Jacobs, Leslie Even though I am a 40-year-old American woman and not a mother myself, I lived in South India for 15 years and came away with the feeling that Indian mothers are the best, most maternal mothers in the world.

I lived with a Tamil family with four children. The first shock I received was their extremely close, communal family life. And at the center of the whole family is the mother. She is like an eternal fixture for the children – she is THERE for them always. This expresses even in very physical ways that surprised me. The children call out to 'their mother continuously, and she comes to them with whatever they need – food or water or attention! In sharp contrast, in my childhood, it was not "polite" to call out to our mother. We were all taught to go to wherever she was and make sure she wasn't busy before we "bothered" her. The Indian mother is the total mother. I watched one mother feed her 12-year-old child with her hand – a practice commonly used with babies and small children – because the daughter was in a sad mood and needed the reassurance this act would give her. The mother I lived with always fed her children before herself. She also made special dishes for each one, and no one was forced to eat something they disliked. After lunch, she would lie down with the youngest even if she herself was not sleepy. In the evening she would always lie down with the youngest child, waiting for her to fall asleep before resuming her activities. I have seen the mother drop whatever she is doing because the child felt sleepy and wanted her mother to lie down with her. This physical contact is an enormous security factor.

The Indian mother is not just playing the "role" of mother along with other roles, as many Western mother do. She IS a mother – totally and completely. She loves it.

When I describe to my American friends the way and Indian mother relates to her children – feeding them with her hand, sleeping with them till they are 8 or 10 or 12 – they are usually dismayed. This behavior goes against the grain of our highly individualistic society where mothers treat children as only one "part" of their life, placing equal importance on pursuing ambitious money-making careers and private interests. This attitude causes mothers to shut their two- year-olds in a room at nap time and set and timer for 15 minutes, letting them cry until the timer rings! It creates anger, irritation and frustration with children and a need to fill their days with one planned activity after another to keep them out of their mother's hair.

When my own mother (a mother of five) came to visit me in India, she said, "The children are so happy, so secure, so relaxed." One day she was sitting on her balcony, watching a beggar woman sitting below on the sidewalk with her baby. This woman was in rags and had all her worldly possessions with her – a little clay cooking pot and a dirty bundle of bedding. She was throwing the baby up in the air and laughing with joy. My mother watched her for days and finally came to me saying, "I don't understand it. She is so poor and starving. How can she be like that?"

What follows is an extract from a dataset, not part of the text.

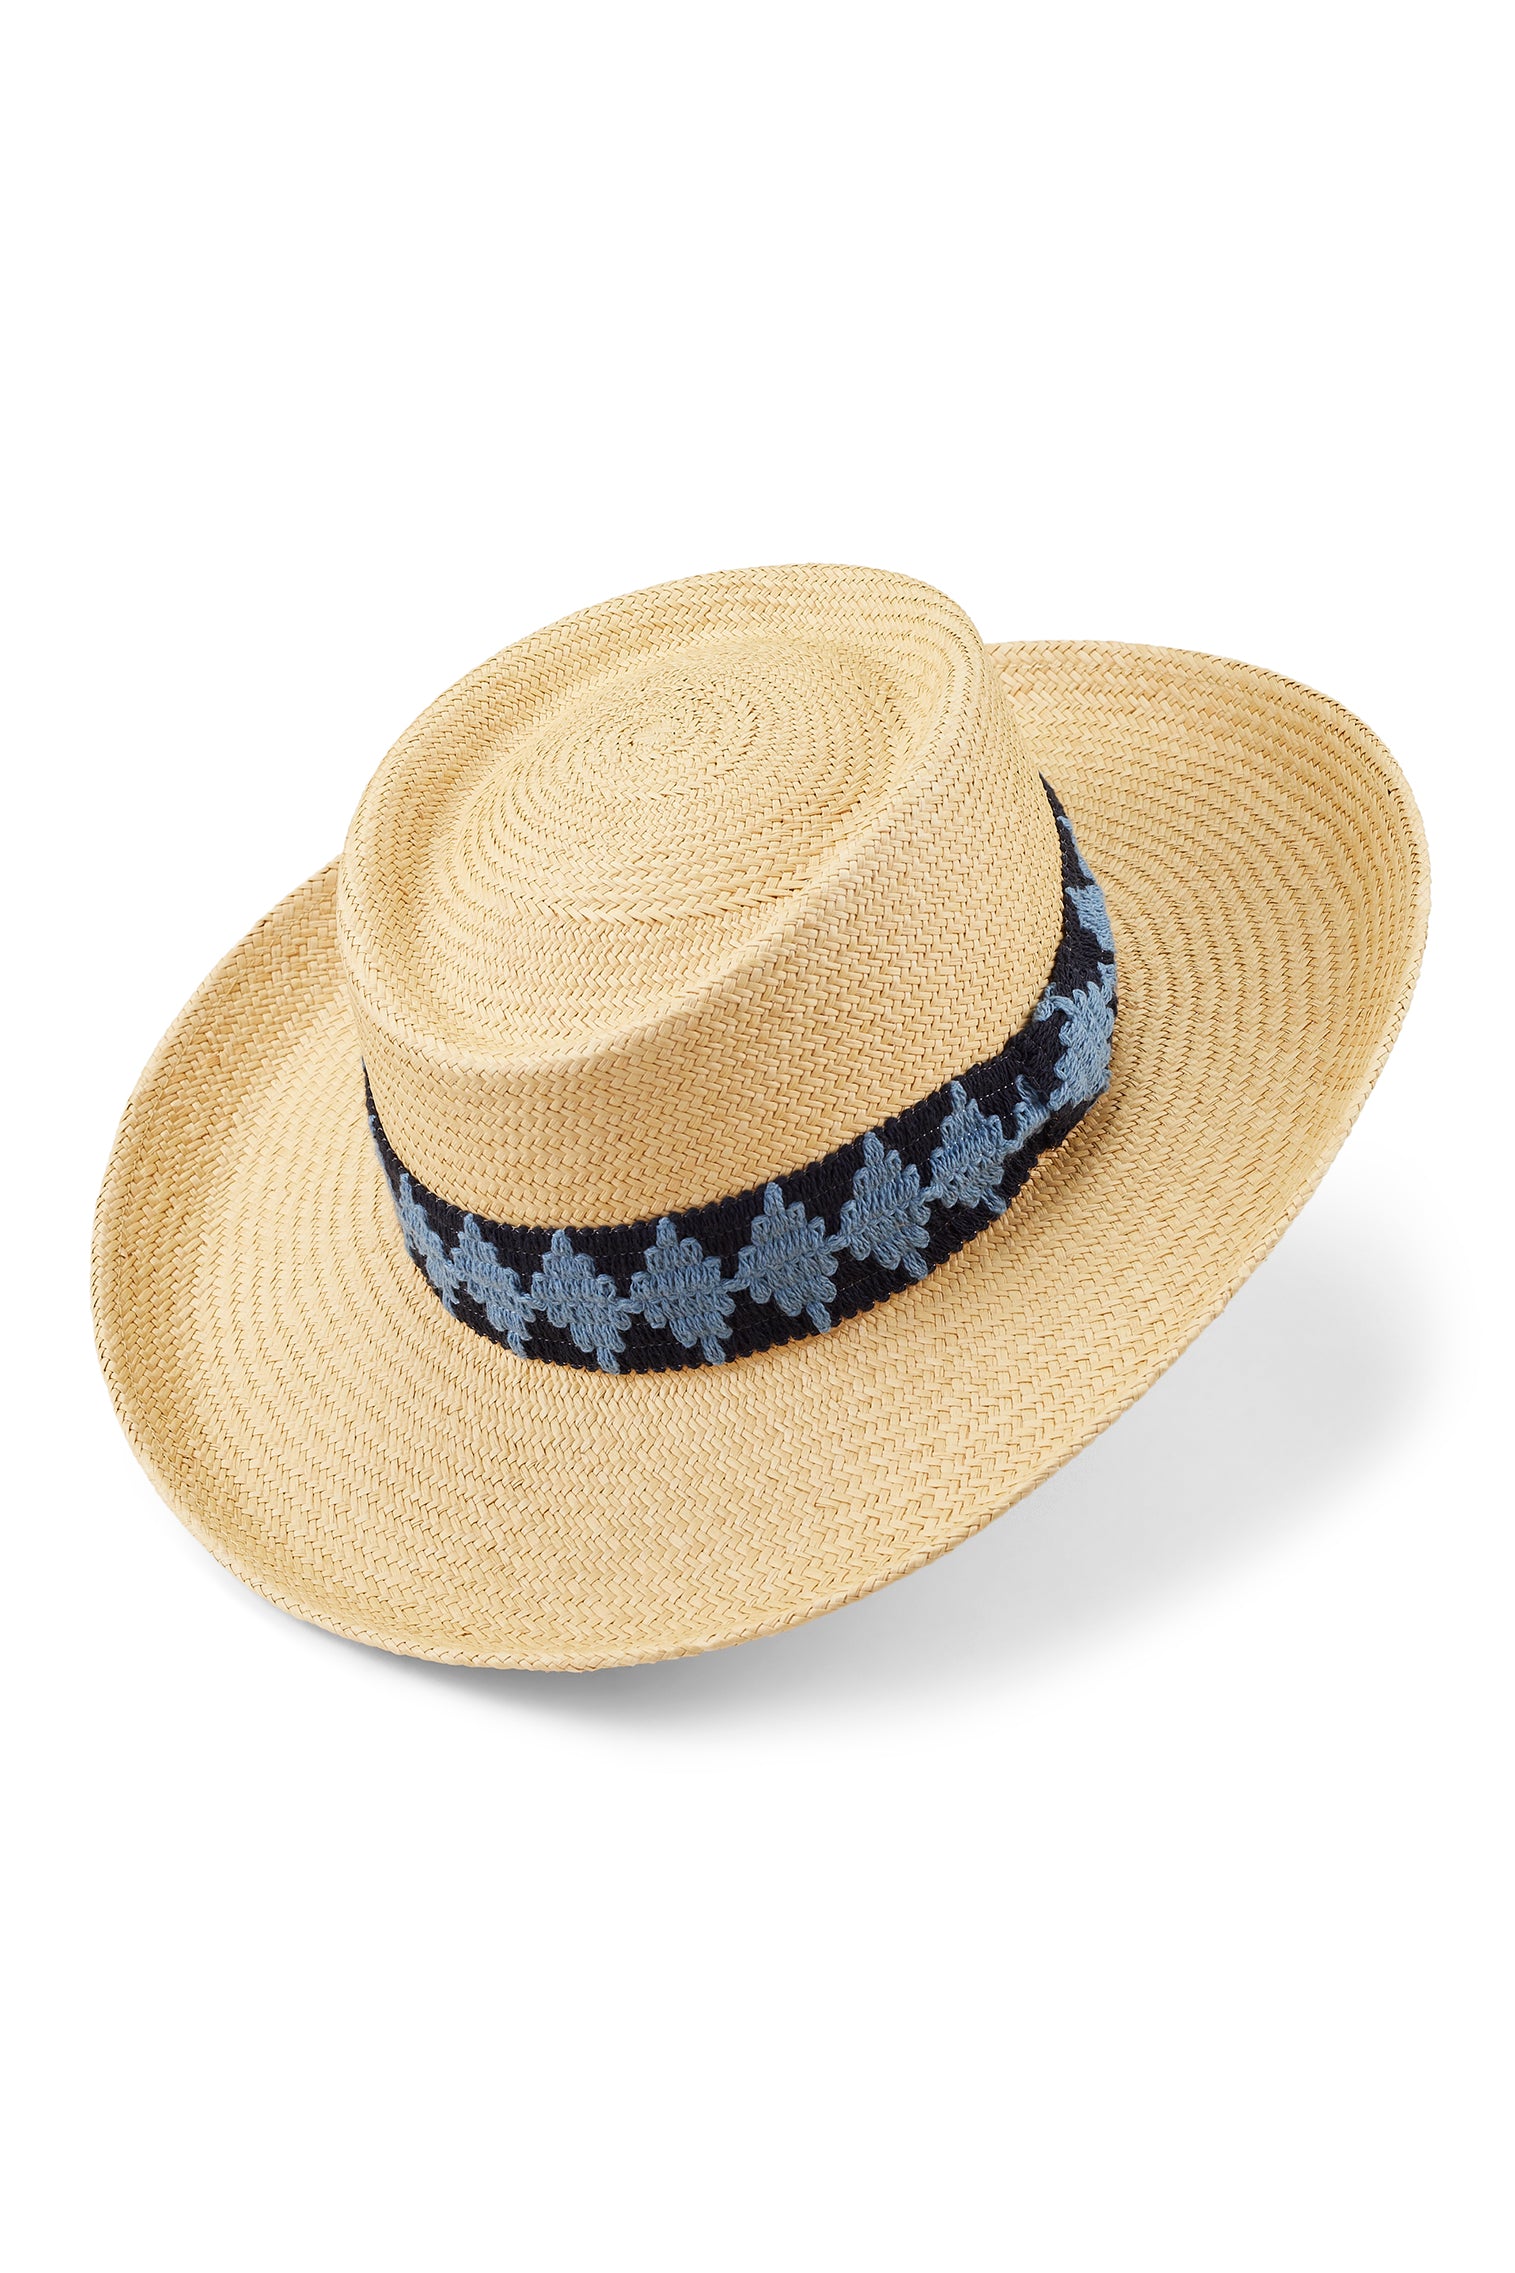 Heath Panama - Panama Hats - Lock & Co. Hatters London UK

When I came back here after 15 years, I was in shock for months seeing the sad and sometimes empty looks on children's faces. I realized that the children just two blocks away from my house in India who lived in thatched huts had always looked happier.

I am presently working as a nanny here in America and it is painful to see the complexes building up in the children because their parents leave them for 12 hours a day with me. They display deep tensions and take to biting, scratching hysterical crying, etc. One day when a three-year-old I care for was again having trouble with napping in a dark, closed room, I thought, "Let me lie down with her like an Indian mother." When I did, she was amazed, overwhelmed and so grateful that it really touched me.

I pray Indian mothers will go on being the complete mothers they are and have been for thousands of years – glorifying in their motherhood, and raising content, well-adjusted and secure children.